I know two proofs about the approximation of Euler-Mascheroni constant $\gamma$ that are very technical. So I would like to know if someone has a strategic proof to show that $0.5<\gamma< 0.6$.
Let be $\gamma\in \mathbb{R}$ such that
$$\large\gamma= \lim_{n\to +\infty}\left[\left(1+\frac{1}{2}+\cdots+\frac{1}{n}\right)-\log{(n+1)}\right].$$
Show that $0.5<\gamma< 0.6$
P.S.: In my book, the author use $\log{(n+1)}$ in the limit definition of $\gamma$.
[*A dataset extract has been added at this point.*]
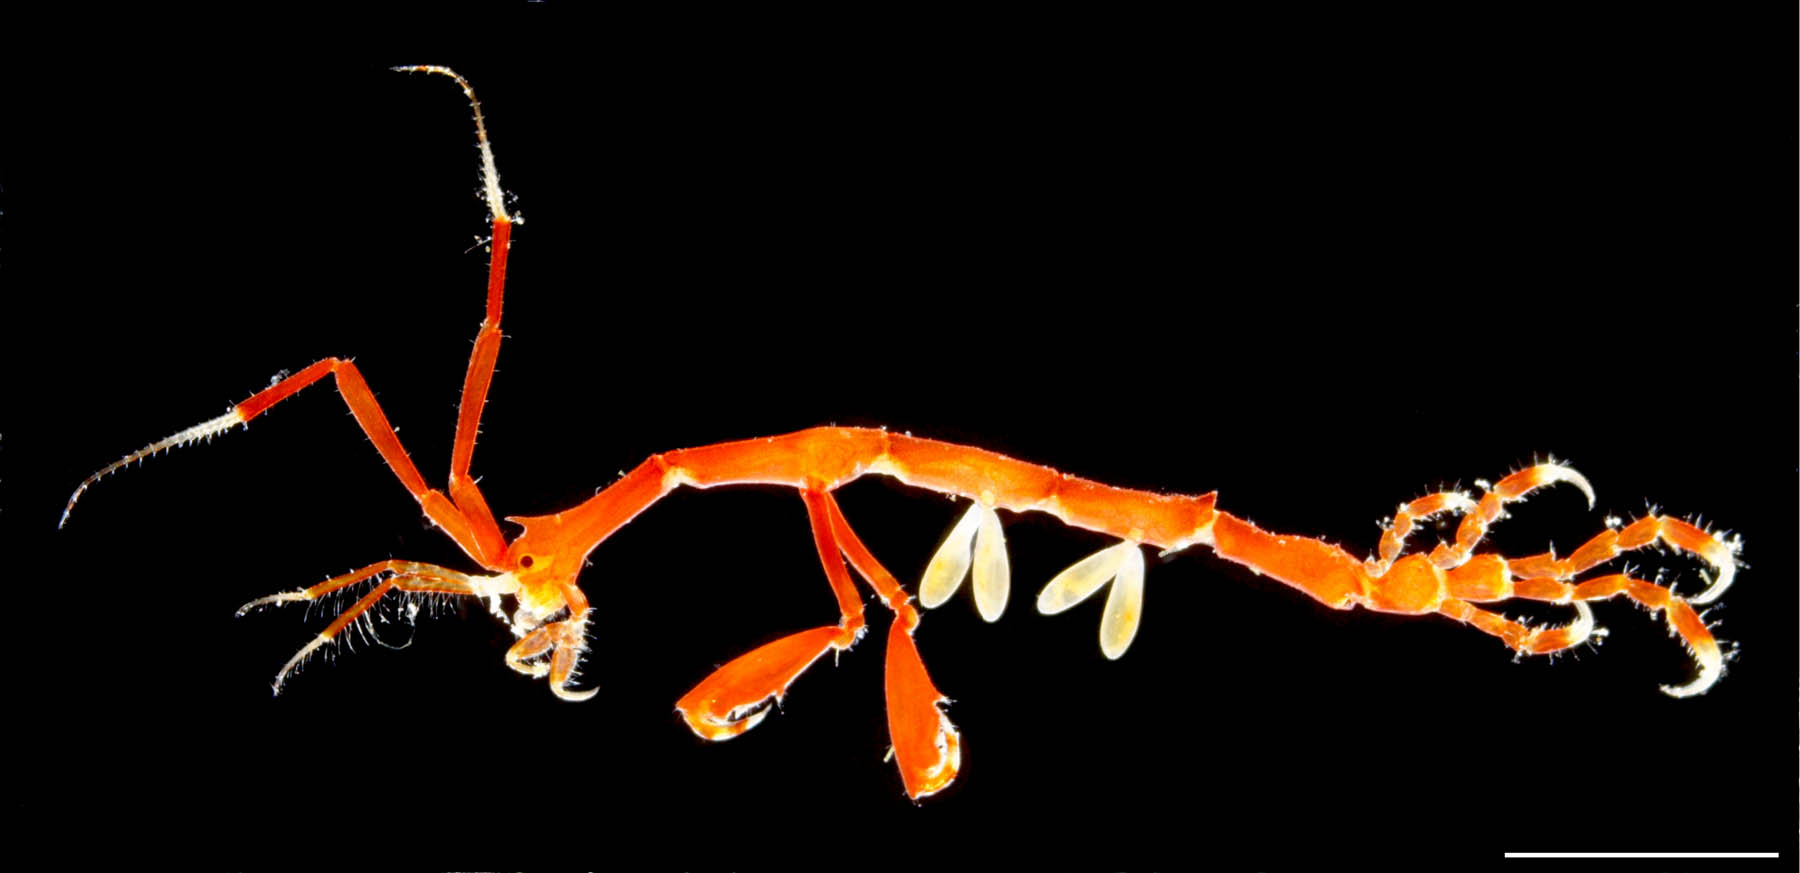 トゲワレカラ(Caprella scaura diceros)の画像

Let $f(x)=\frac{1}{x}$ and $H_n=\sum_{k=1}^nf(k)$. For every $k$ take the segments $\overline{P_kP_{k+1/2}}$ and $\overline{P_{k+1/2}P_{k+1}}$, where $P_k=(k,f(k))$. Note that for every $k$ the sum of area of trapezes $Q_kP_kP_{k+1/2}Q_{k+1/2}$, and $Q_{k+1/2}P_{k+1/2}P_{k+1}Q_{k+1}$, where $Q_k=(0,k)$, is greater than the area below $f(x)$ between $k$ and $k+1$. This implies
$$\frac{f(k)+f(k+1)+2f(k+1/2)}{4}>\int_k^{k+1}f(x)dx=\ln(k+1)-\ln k.$$
So $I_n=\frac{1}{4}[\sum_{k=1}^nf(k)+\sum_{k=1}^nf(k+1)]+\frac{1}{2}\sum_{k=1}^nf(k+1/2)>\ln(n+1).$
But $\frac{1}{2}\sum_{k=1}^nf(k+1/2)=\sum_{k=1}^n\frac{1}{2k+1}=\frac{H_n}{2}-1+\sum_{k=1}^{n+1}\frac{1}{n+k}$. Therefore
$$I_n=H_n-\frac{5}{4}+\frac{f(n+1)}{4}+\sum_{k=1}^{n+1}\frac{1}{n+k},$$
so
$$H_n-\ln(n+1)>\frac{5}{4}-\frac{f(n+1)}{4}+\sum_{k=1}^{n+1}\frac{1}{n+k},$$
taking the limits and using that $\lim_{n\to +\infty}\frac{f(n+1)}{4}+\sum_{k=1}^{n+1}\frac{1}{n+k}=\ln 2,$ we have that
$$\gamma \geq 1,25-\ln 2>0,54.$$
I believe that the other inequality can be done by a similar approach.